Comparative thermo-stability of two Rift Valley fever virus vaccine candidate CL13T with a recombinant arMP-12ΔNSm21/384. Bioinformation. 2020;16(7):547-554 Authors: Daouam S, Boumart Z, Elarkam A, Hamdi J, Tadlaoui KO, Ennaji MM, Harraka M Abstract Rift Valley fever (RVF) is a zoonotic, viral disease, transmitted by mosquitoes, characterized by high mortality rates in young animals.

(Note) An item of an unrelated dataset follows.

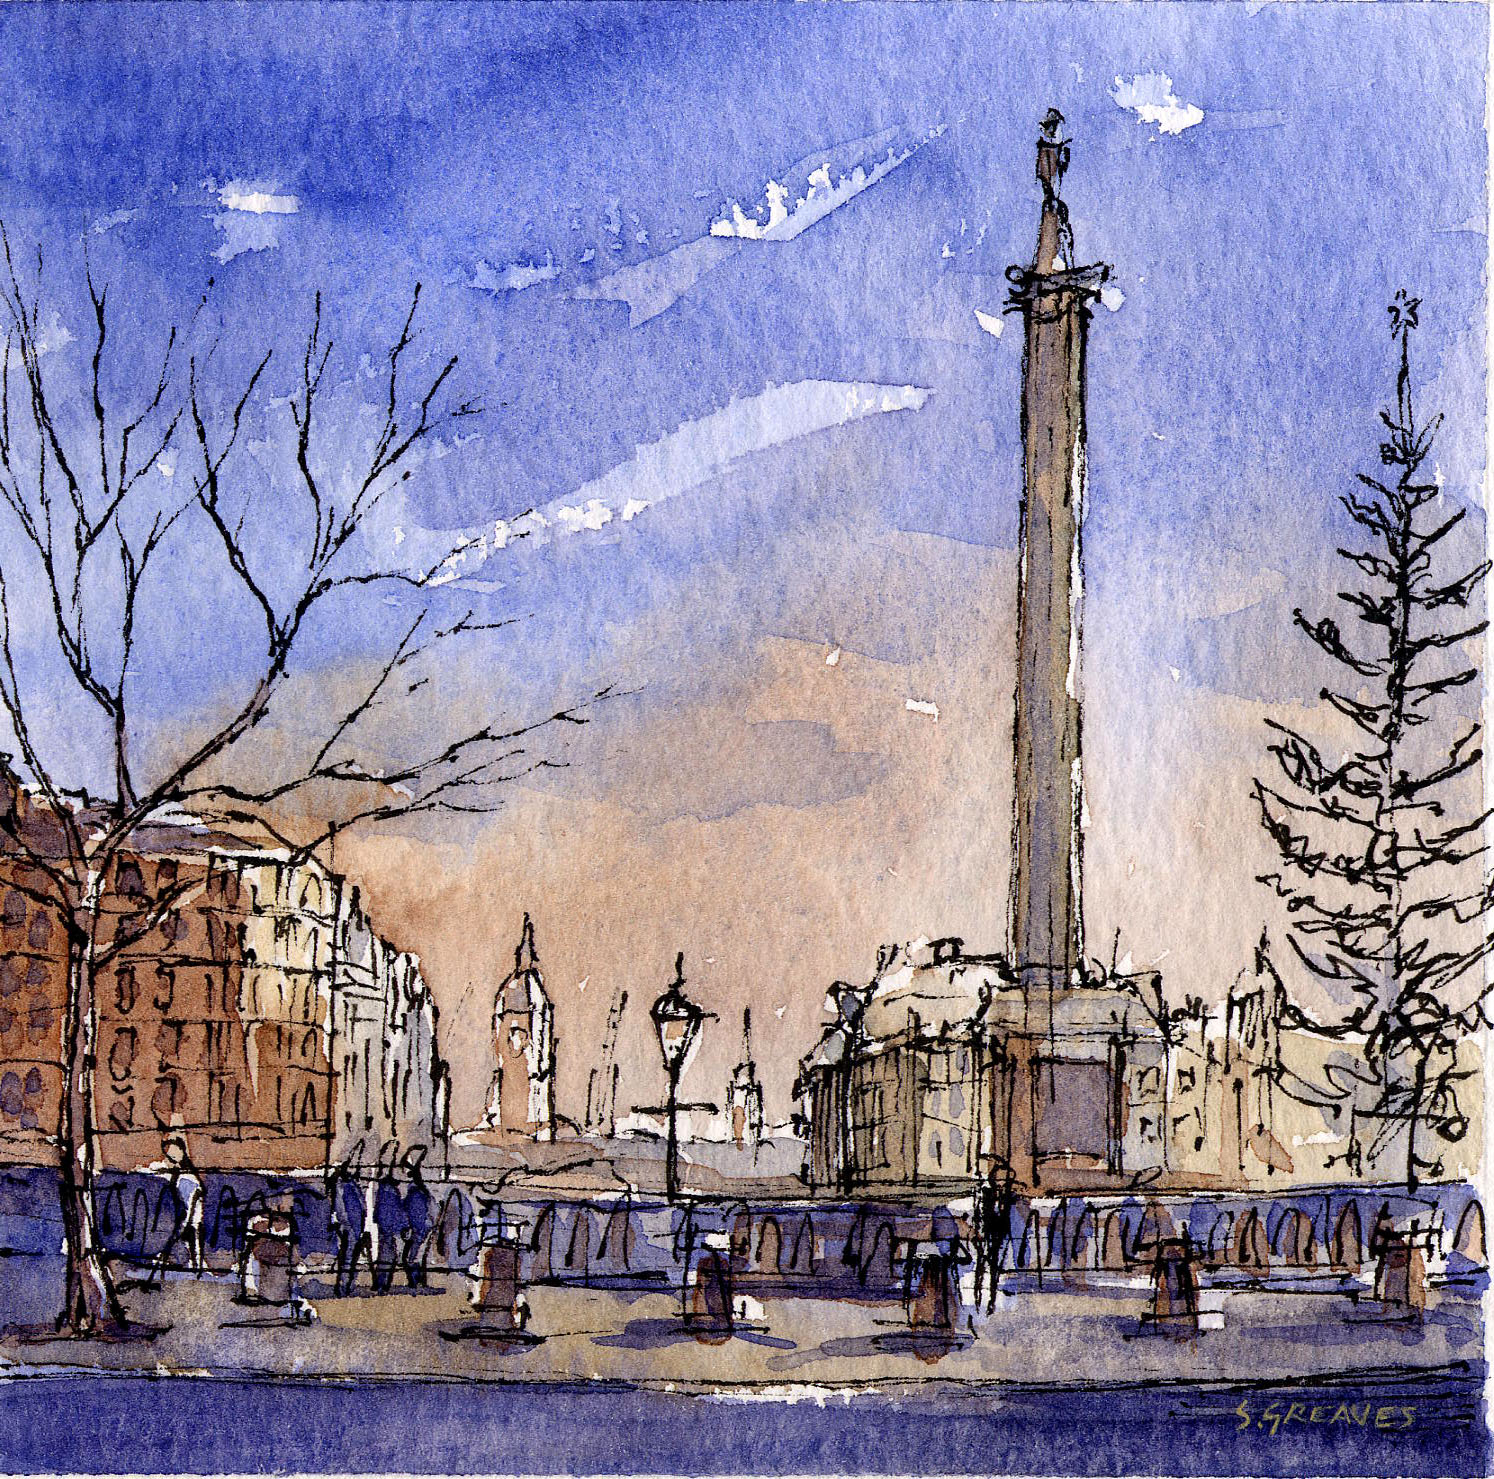 Steve Greaves - Trafalgar Square - landscape painting in ink & watercolour

RVF is an endemic and enzootic disease in the Arabian Peninsula and Africa, causing public health and economic instability. Therefore, it is important to develop vaccines to minimize outbreaks and combat the disease. We documented the stability of the thermo-stability of live attenuated RVF CL13T and recombinant arMP-12ΔNSm21/384 vaccine candidates at different temperatures, including these vaccine viruses in liquid and lyophilized form. The study revealed that both CL13T and recombinant arMP-12ΔNSm21/384 strains were stable for more than 18 months at 4°C. We show that at room temperatures (37°C and 45°C) the CL13T was less temperature sensitive than MP-12NSm-del in both lyophilized and liquid form. These findings are useful for the preparation of RVF vaccines that will avoid the need for a cold chain and therefore, will improve the application of the vaccines under field conditions. PMID: 32994680 [PubMed]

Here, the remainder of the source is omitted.